Given records:
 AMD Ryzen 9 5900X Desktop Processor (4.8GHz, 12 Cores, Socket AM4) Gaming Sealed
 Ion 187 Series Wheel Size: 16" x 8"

...

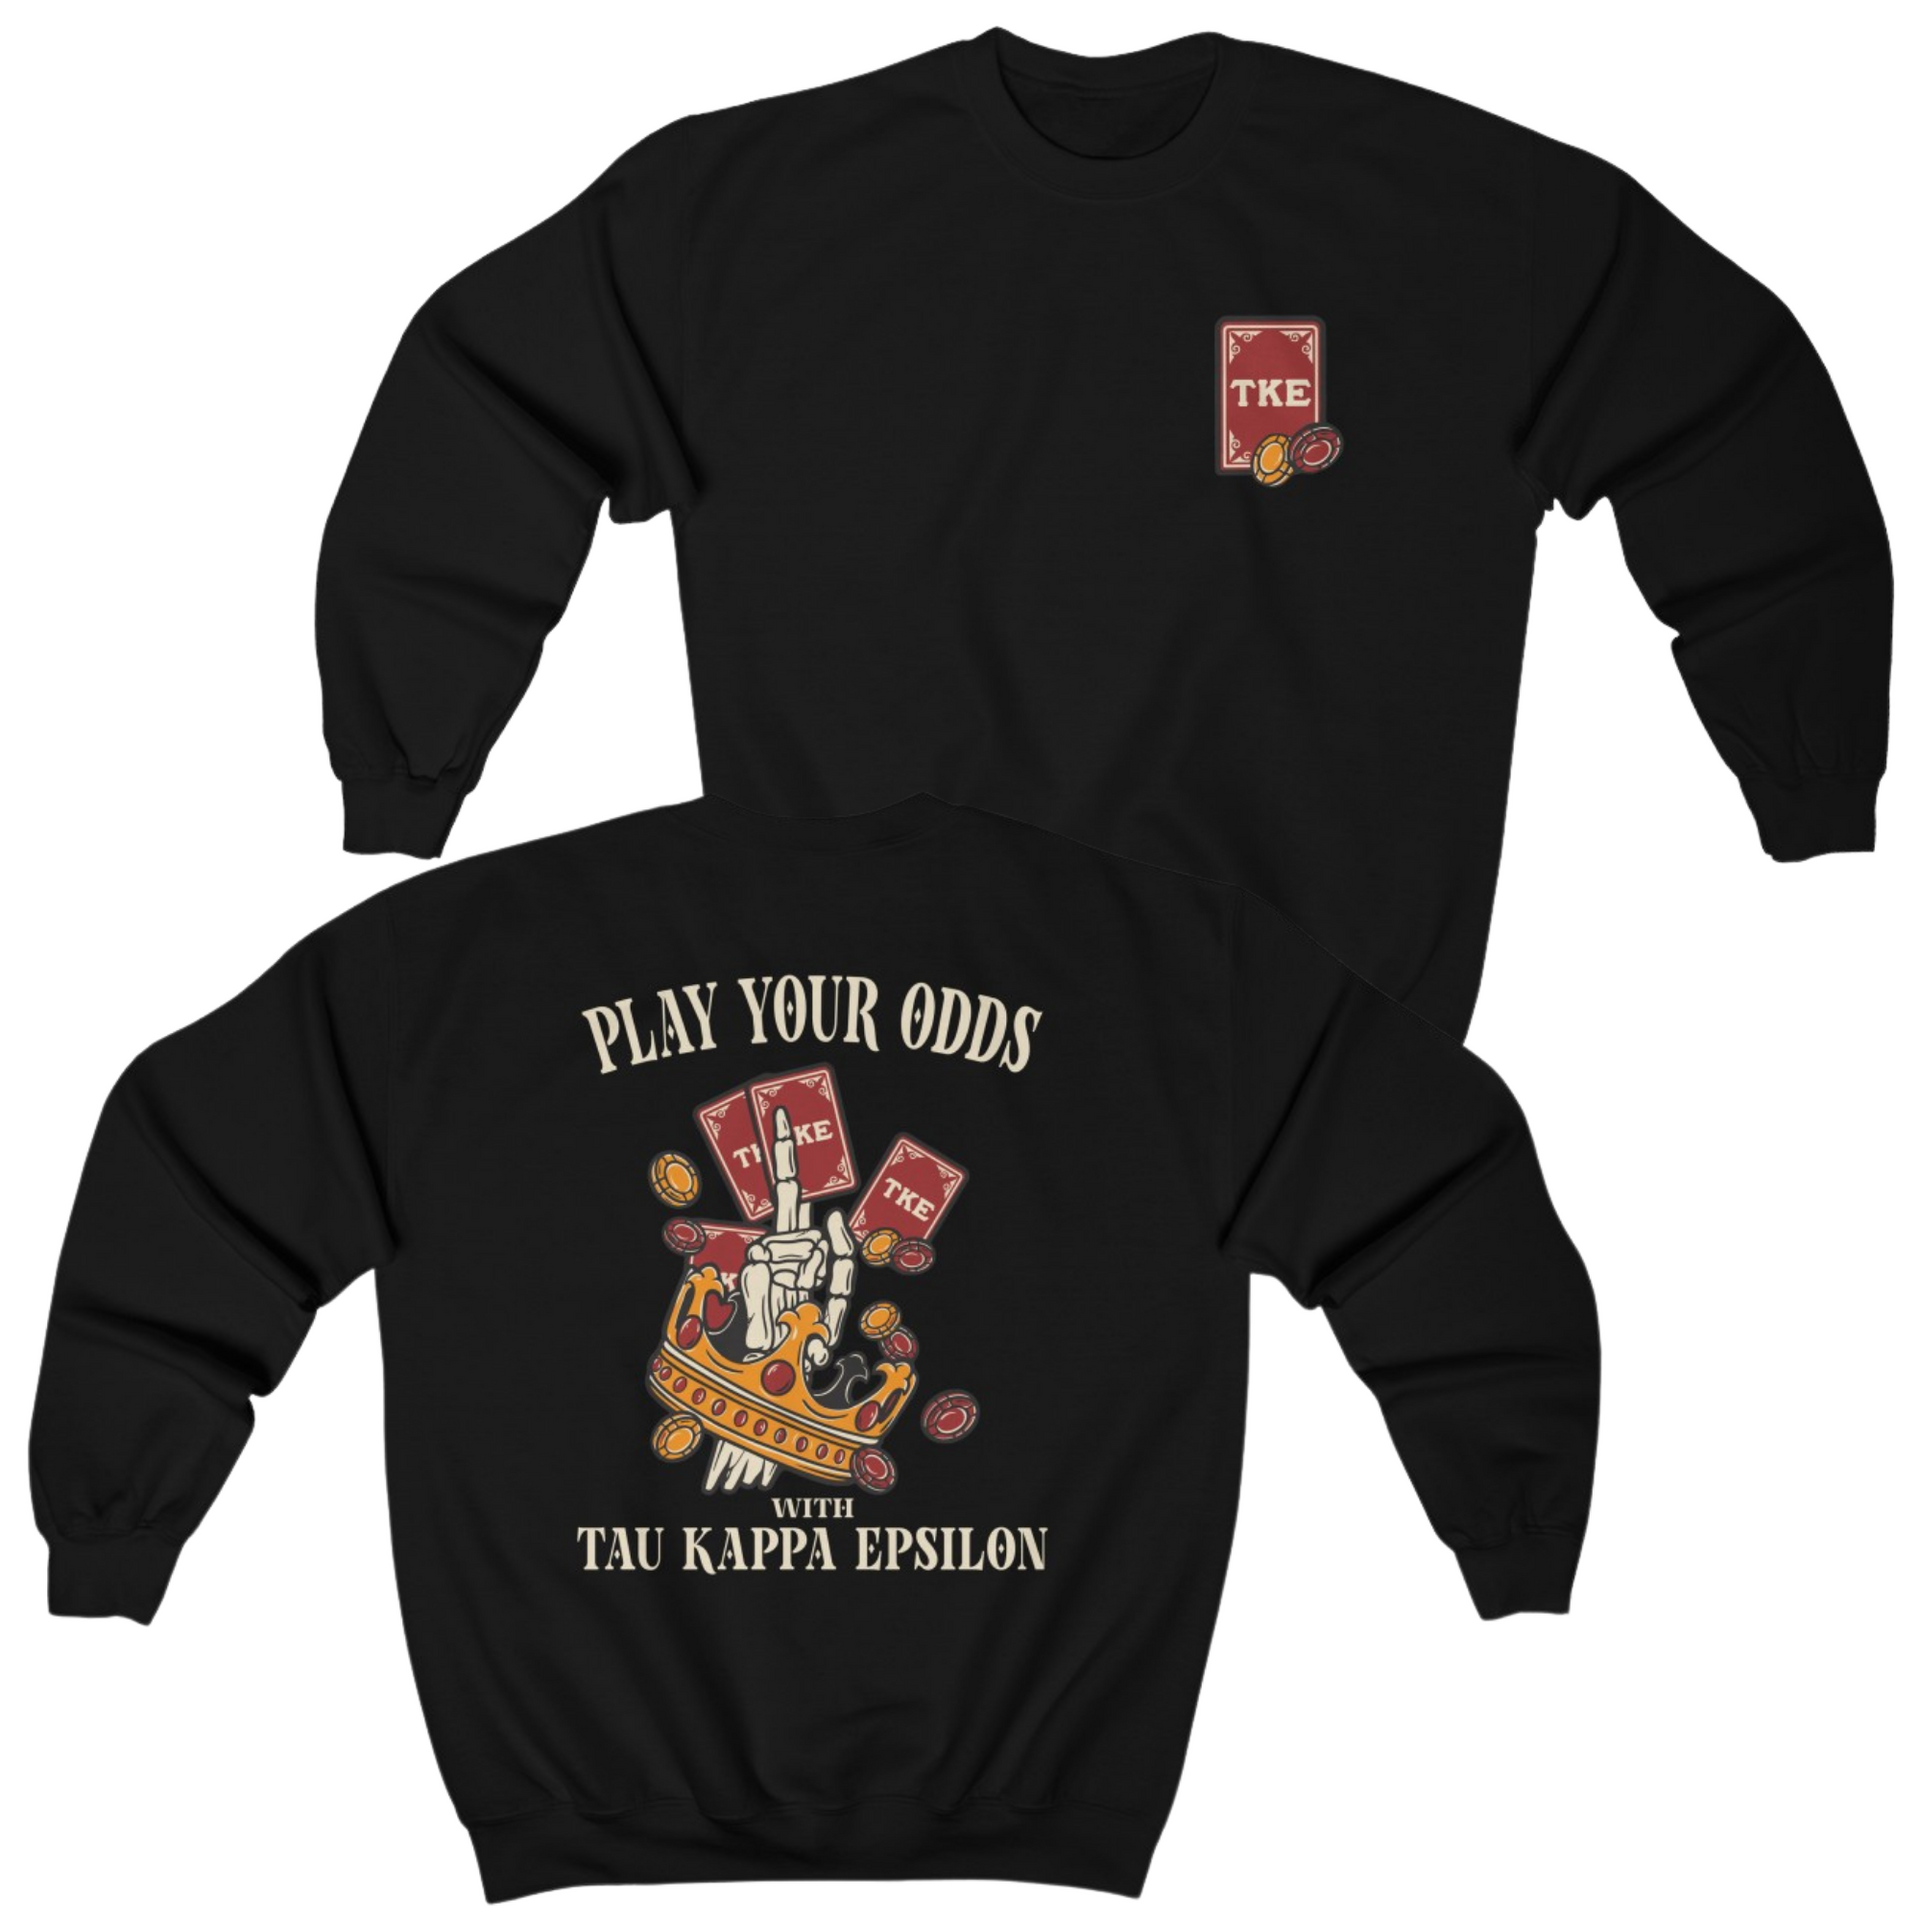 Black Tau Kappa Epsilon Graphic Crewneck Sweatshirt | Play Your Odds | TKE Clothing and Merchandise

About this exercise:
Look above for the line holding "AMD Ryzen 9" and the line holding "Ion 187 Series", then output exactly those two lines and every line between them, nothing more.

Answer to this exercise:
 AMD Ryzen 9 5900X Desktop Processor (4.8GHz, 12 Cores, Socket AM4) Gaming Sealed
 Ion 187 Series Wheel Size: 16" x 8"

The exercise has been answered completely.